一旦當一個瀏覽器訪問一個網頁時,會向擁有這個頁面的服務器發送一個HTTP請求。服務器認可這個請求併發送一個相應。在許多場景下,例如股票價格、新聞報道、售票、航線、醫療設備等等,在瀏覽器渲染頁面之後響應就變舊了。

Current attempts to provide real-time web applications largely revolve around polling and other server-side push technologies, the most notable of which is Comet, which delays the completion of an HTTP response to deliver messages to the client. Comet-based push is generally implemented in JavaScript and uses connection strategies such as long-polling or streaming.

現在嘗試提供實時的網絡應用一般都圍繞着輪詢和其它服務端的推送技術,最引人注意的是Comet,它延遲了發往客戶端的HTTP響應的結束。基於Comet的推送一般採用JavaScript 實現並使用長連接或流式的連接策略。

With polling, the browser sends HTTP requests at regular intervals and immediately receives a response.  This technique was the first attempt for the browser to deliver real-time information. Obviously, this is a good solution if the exact interval of message delivery is known, because you can synchronize the client request to occur only when information is available on the server. However, real-time data is often not that predictable, making unnecessary requests inevitable and as a result, many connections are opened and closed needlessly in low-message-rate situations.

輪詢過程中,瀏覽器在一個固定的間隔內發送HTTP請求並立即收到響應。這個技術瀏覽器發送實時數據的第一個嘗試。很顯然,如果發送的數據的時間間隔是明確的這是一個很好的解決方案,因爲你可以在服務器上的信息準備好後同步啓動客戶短的請求。但是,實時數據通常都是不可預期的,這必然造成許多不必要的請求,致使在低頻率消息情況下許多連接被不必要的打開和關閉。

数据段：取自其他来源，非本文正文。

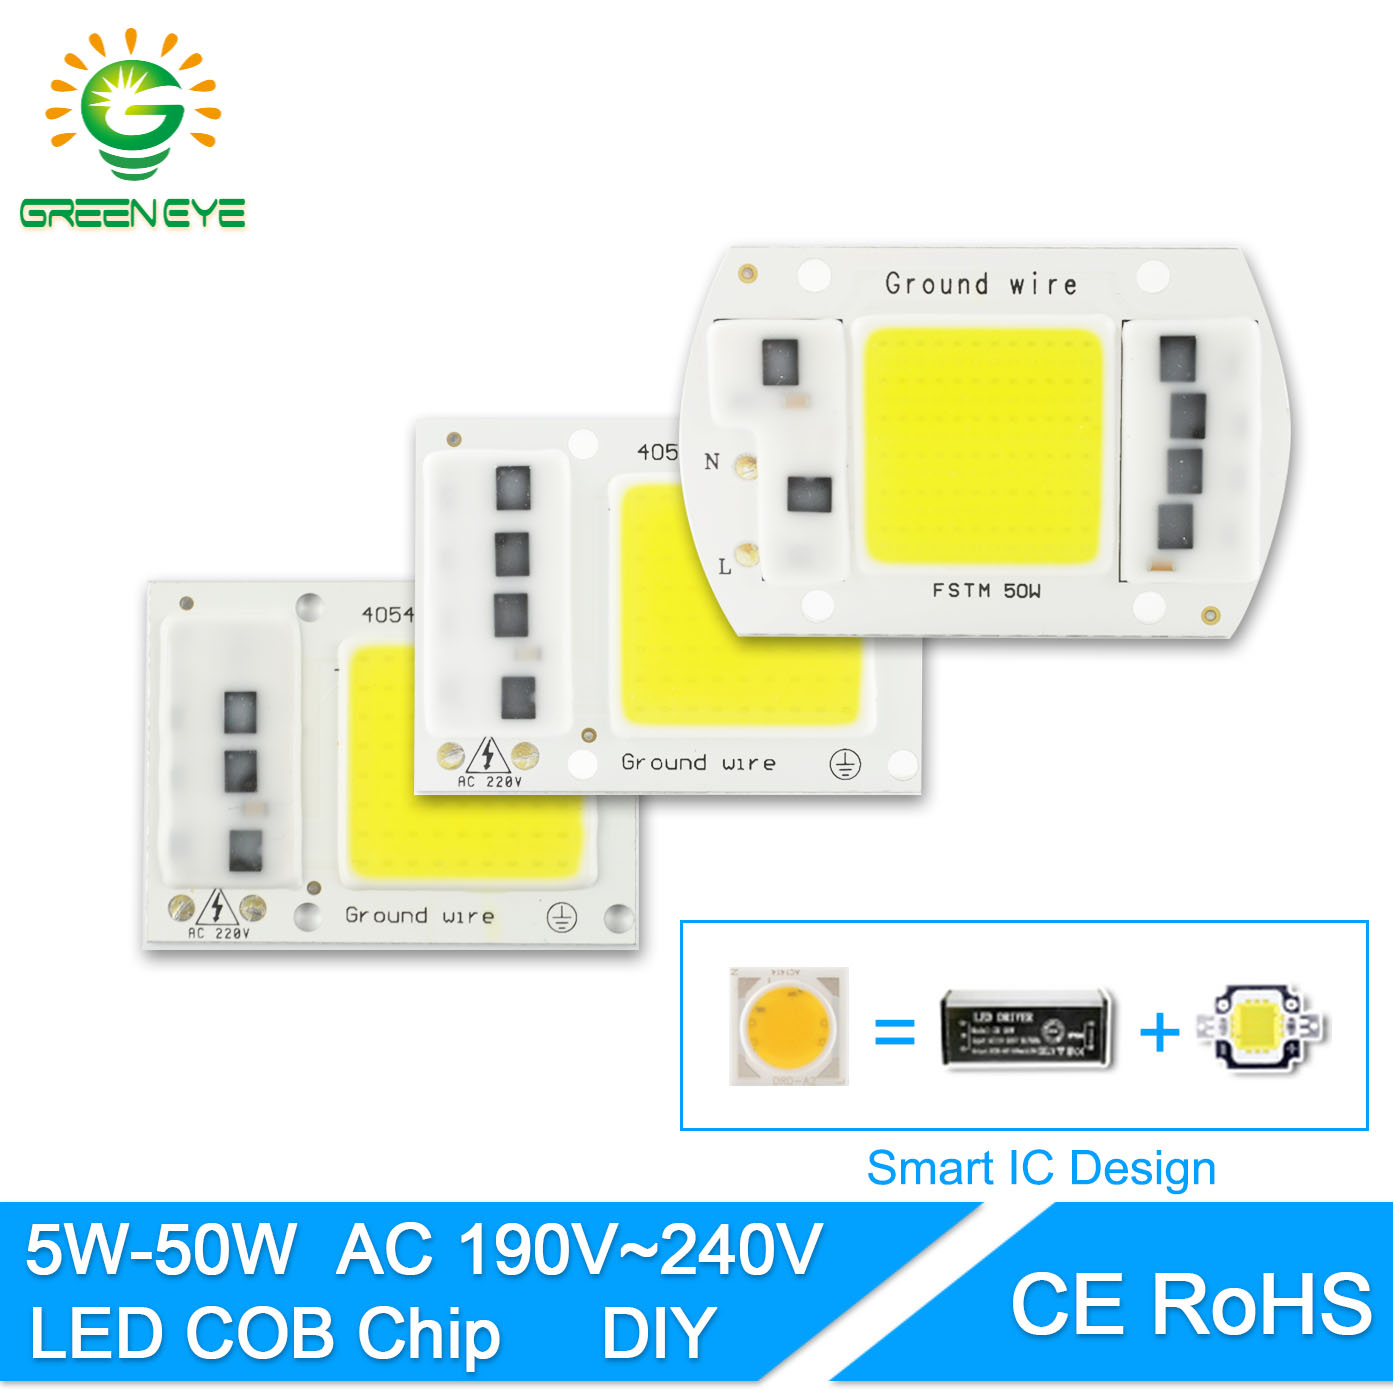 GreenEye AC 220V Integrated COB LED Lamp Chip 50W 30W 20W 10W 5W Smart IC Driver High Lumens For DIY Floodlight Spotlight(China (Mainland))

With long-polling, the browser sends a request to the server and the server keeps the request open for a set period. If a notification is received within that period, a response containing the message is sent to the client. If a notification is not received within the set time period, the server sends a response to terminate the open request. It is important to understand, however, that when you have a high message volume, long-polling does not provide any substantial performance improvements over traditional polling.  In fact, it could be worse, because the long-polling might spin out of control into an unthrottled, continuous loop of immediate polls.

長輪詢過程中,瀏覽器向服務器發送一個請求,在一段時間內服務器保持這個請求打開。假如在這個時間內收到一個通知,包含信息的響應將發向客戶端。假如在一段時間內沒有收到通知,服務端發送響應去結束請求。一定要理解在大數據量消息的情況下,長輪詢相對於傳統的輪詢並不能提供大幅性能提升。實際上,它可能更糟,因爲它有可能失控成爲非節流(unthrottled),陷入立即推送的循環中。

With streaming, the browser sends a complete request, but the server sends and maintains an open response that is continuously updated and kept open indefinitely (or for a set period of time). The response is then updated whenever a message is ready to be sent, but the server never signals to complete the response, thus keeping the connection open to deliver future messages. However, since streaming is still encapsulated in HTTP, intervening firewalls and proxy servers may choose to buffer the response, increasing the latency of the message delivery. Therefore, many streaming Comet solutions fall back to long-polling in case a buffering proxy server is detected. Alternatively, TLS (SSL) connections can be used to shield the response from being buffered, but in that case the setup and tear down of each connection taxes the available server resources more heavily.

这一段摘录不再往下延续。